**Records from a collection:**
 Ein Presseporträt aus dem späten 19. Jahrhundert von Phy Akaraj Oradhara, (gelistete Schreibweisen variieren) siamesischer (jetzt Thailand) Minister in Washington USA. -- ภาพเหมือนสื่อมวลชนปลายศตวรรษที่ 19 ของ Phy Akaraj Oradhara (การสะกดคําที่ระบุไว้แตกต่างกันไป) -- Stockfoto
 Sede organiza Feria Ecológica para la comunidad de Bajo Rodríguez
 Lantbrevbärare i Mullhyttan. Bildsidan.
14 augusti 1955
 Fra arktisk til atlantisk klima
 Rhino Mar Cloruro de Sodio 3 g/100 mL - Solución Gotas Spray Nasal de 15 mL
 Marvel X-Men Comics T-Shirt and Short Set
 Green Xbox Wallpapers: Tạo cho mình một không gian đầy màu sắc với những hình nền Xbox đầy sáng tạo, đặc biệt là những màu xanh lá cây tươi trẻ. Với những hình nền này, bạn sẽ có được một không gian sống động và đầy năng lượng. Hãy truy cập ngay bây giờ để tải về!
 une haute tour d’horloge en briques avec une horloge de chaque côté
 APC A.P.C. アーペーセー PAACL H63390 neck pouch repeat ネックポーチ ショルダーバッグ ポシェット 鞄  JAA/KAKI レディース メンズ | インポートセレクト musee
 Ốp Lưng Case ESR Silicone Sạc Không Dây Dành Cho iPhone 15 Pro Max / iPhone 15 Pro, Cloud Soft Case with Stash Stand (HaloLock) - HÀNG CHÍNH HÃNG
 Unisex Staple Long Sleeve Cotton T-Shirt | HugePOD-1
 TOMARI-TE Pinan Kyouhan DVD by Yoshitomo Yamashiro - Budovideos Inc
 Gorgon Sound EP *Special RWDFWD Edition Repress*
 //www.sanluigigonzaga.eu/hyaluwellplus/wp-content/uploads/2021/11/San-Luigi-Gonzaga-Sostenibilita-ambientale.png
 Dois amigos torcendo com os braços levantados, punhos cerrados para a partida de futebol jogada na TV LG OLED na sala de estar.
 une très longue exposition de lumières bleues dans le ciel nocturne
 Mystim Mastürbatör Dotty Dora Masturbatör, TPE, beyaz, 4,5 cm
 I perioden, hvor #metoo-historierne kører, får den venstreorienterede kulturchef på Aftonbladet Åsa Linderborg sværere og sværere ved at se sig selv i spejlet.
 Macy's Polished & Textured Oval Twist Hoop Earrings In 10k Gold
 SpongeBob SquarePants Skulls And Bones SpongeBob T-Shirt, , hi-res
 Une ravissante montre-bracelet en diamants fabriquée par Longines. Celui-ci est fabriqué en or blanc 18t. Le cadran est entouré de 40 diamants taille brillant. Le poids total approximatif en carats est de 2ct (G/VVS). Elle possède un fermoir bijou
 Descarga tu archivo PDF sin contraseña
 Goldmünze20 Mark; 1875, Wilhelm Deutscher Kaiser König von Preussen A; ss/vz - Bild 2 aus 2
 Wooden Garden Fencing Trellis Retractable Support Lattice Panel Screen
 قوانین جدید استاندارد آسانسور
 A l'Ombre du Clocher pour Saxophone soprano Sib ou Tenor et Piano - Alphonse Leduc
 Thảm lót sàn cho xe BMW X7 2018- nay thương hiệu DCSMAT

**What the task requires:**
Recopy the entries above exactly, with every line included.

**Your solution:**
 Ein Presseporträt aus dem späten 19. Jahrhundert von Phy Akaraj Oradhara, (gelistete Schreibweisen variieren) siamesischer (jetzt Thailand) Minister in Washington USA. -- ภาพเหมือนสื่อมวลชนปลายศตวรรษที่ 19 ของ Phy Akaraj Oradhara (การสะกดคําที่ระบุไว้แตกต่างกันไป) -- Stockfoto
 Sede organiza Feria Ecológica para la comunidad de Bajo Rodríguez
 Lantbrevbärare i Mullhyttan. Bildsidan.
14 augusti 1955
 Fra arktisk til atlantisk klima
 Rhino Mar Cloruro de Sodio 3 g/100 mL - Solución Gotas Spray Nasal de 15 mL
 Marvel X-Men Comics T-Shirt and Short Set
 Green Xbox Wallpapers: Tạo cho mình một không gian đầy màu sắc với những hình nền Xbox đầy sáng tạo, đặc biệt là những màu xanh lá cây tươi trẻ. Với những hình nền này, bạn sẽ có được một không gian sống động và đầy năng lượng. Hãy truy cập ngay bây giờ để tải về!
 une haute tour d’horloge en briques avec une horloge de chaque côté
 APC A.P.C. アーペーセー PAACL H63390 neck pouch repeat ネックポーチ ショルダーバッグ ポシェット 鞄  JAA/KAKI レディース メンズ | インポートセレクト musee
 Ốp Lưng Case ESR Silicone Sạc Không Dây Dành Cho iPhone 15 Pro Max / iPhone 15 Pro, Cloud Soft Case with Stash Stand (HaloLock) - HÀNG CHÍNH HÃNG
 Unisex Staple Long Sleeve Cotton T-Shirt | HugePOD-1
 TOMARI-TE Pinan Kyouhan DVD by Yoshitomo Yamashiro - Budovideos Inc
 Gorgon Sound EP *Special RWDFWD Edition Repress*
 //www.sanluigigonzaga.eu/hyaluwellplus/wp-content/uploads/2021/11/San-Luigi-Gonzaga-Sostenibilita-ambientale.png
 Dois amigos torcendo com os braços levantados, punhos cerrados para a partida de futebol jogada na TV LG OLED na sala de estar.
 une très longue exposition de lumières bleues dans le ciel nocturne
 Mystim Mastürbatör Dotty Dora Masturbatör, TPE, beyaz, 4,5 cm
 I perioden, hvor #metoo-historierne kører, får den venstreorienterede kulturchef på Aftonbladet Åsa Linderborg sværere og sværere ved at se sig selv i spejlet.
 Macy's Polished & Textured Oval Twist Hoop Earrings In 10k Gold
 SpongeBob SquarePants Skulls And Bones SpongeBob T-Shirt, , hi-res
 Une ravissante montre-bracelet en diamants fabriquée par Longines. Celui-ci est fabriqué en or blanc 18t. Le cadran est entouré de 40 diamants taille brillant. Le poids total approximatif en carats est de 2ct (G/VVS). Elle possède un fermoir bijou
 Descarga tu archivo PDF sin contraseña
 Goldmünze20 Mark; 1875, Wilhelm Deutscher Kaiser König von Preussen A; ss/vz - Bild 2 aus 2
 Wooden Garden Fencing Trellis Retractable Support Lattice Panel Screen
 قوانین جدید استاندارد آسانسور
 A l'Ombre du Clocher pour Saxophone soprano Sib ou Tenor et Piano - Alphonse Leduc
 Thảm lót sàn cho xe BMW X7 2018- nay thương hiệu DCSMAT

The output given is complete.